The Tulsa Race Massacre broke out on the night of May 31 - June 1, 1921. The new Mount Zion Baptist Church was deliberately burned by a mob of white men, who had heard a rumor that blacks were using the building to store rifles that had been brought there in caskets. No evidence of such storage ever surfaced. However, it was true that some armed blacks used the structure as a vantage point for firing on rioters that were attacking nearby houses. The whites could not dislodge the blacks until some local guardsmen brought up a truck with a machine gun and opened fire. This more powerful weaponry began knocking bricks out of the building, and it was soon in flames.

The building was a total loss. Furthermore, the insurance policy contained an escape clause that eliminated coverage for damages due to riot or rebellion. Additionally, as noted above, the congregation was already in debt for $50,000. The church had no choice but to declare bankruptcy. This action allowed the church to continue as an organization. Reverend Whitaker resigned because of ill health. A series of interim pastors followed before a Reverend Hamilton took over in 1928. The congregation soon split over the issue of whether to repay the $50,000 debt. Hamilton, and those who agreed with him, believed this was not a legal obligation because it was a loan in good faith and unsecured by any physical assets. Opponents contended that the loan should be repaid. Hamilton and his supporters resigned to form a new church, known as New Hope Baptist Church. The opposition remained as members of Mount Zion and began trying to repay the loan.

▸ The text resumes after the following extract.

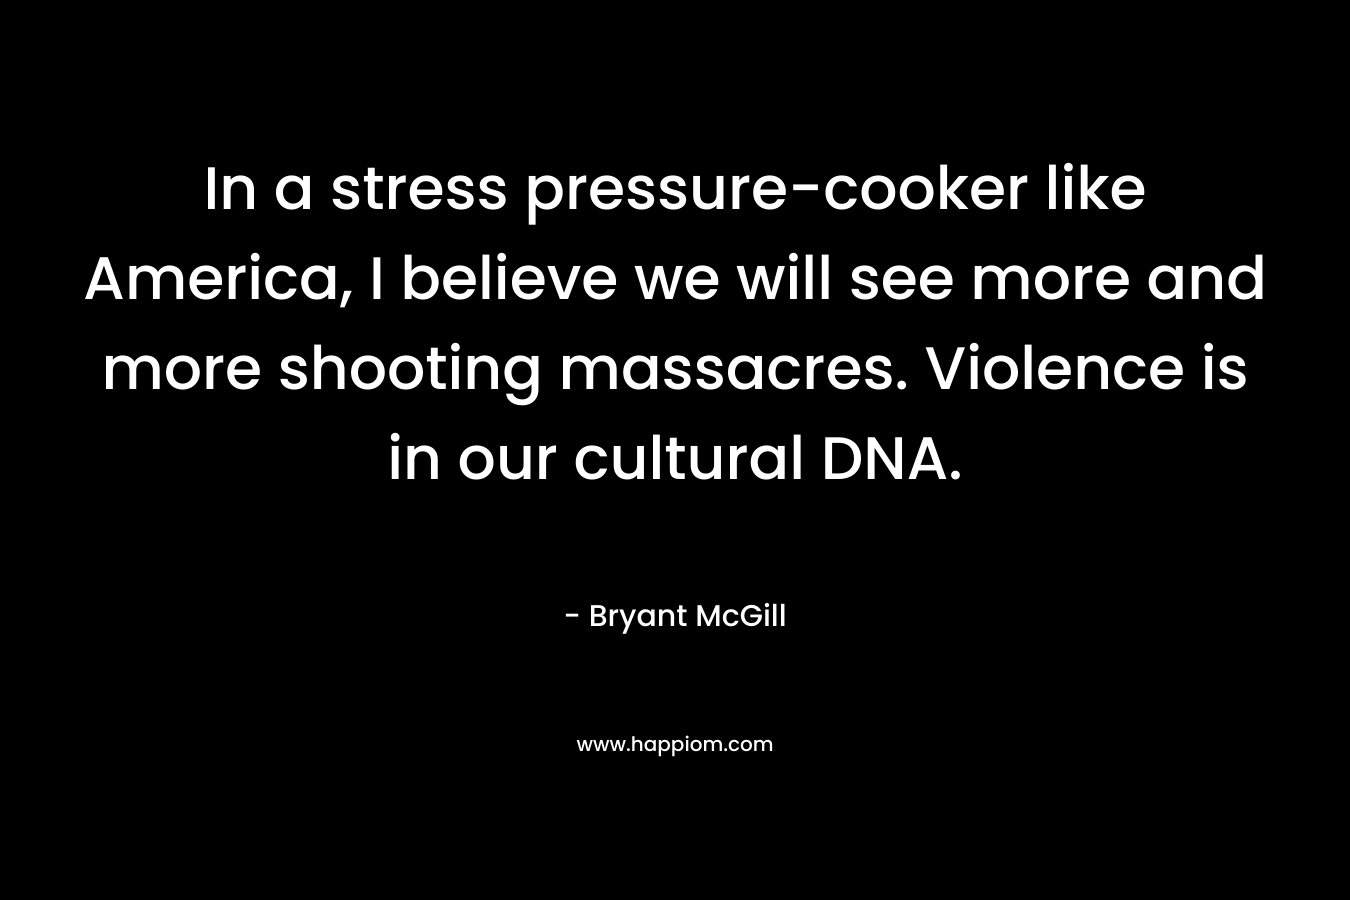 In a stress pressure-cooker like America, I believe we will see more and more shooting massacres. Violence is in our cultural DNA.

===Recovery and rebuilding===
Reverend J. H. Dotson became pastor in 1937. He brought in new members and raised $3,000 toward debt repayment within six months. He continued a vigorous fundraising campaign. The result was the full repayment of the old mortgage on November 23, 1942. Dotson then began raising funds to build a new building on the site.

Reverend Dotson closely supervised the construction of the new church building, which was designed by W. S. and J. C. Latimer. The Latimers were brothers, trained architects and members of Mount Zion. The new church building was dedicated in November 1952, twenty-five years after Reverend Dotson's arrival. At Dotson's request, the church called Reverend Calvin G. McCutchen as assistant pastor. McCutchen succeeded Dotson as pastor in 1957 and served until his retirement in 2007.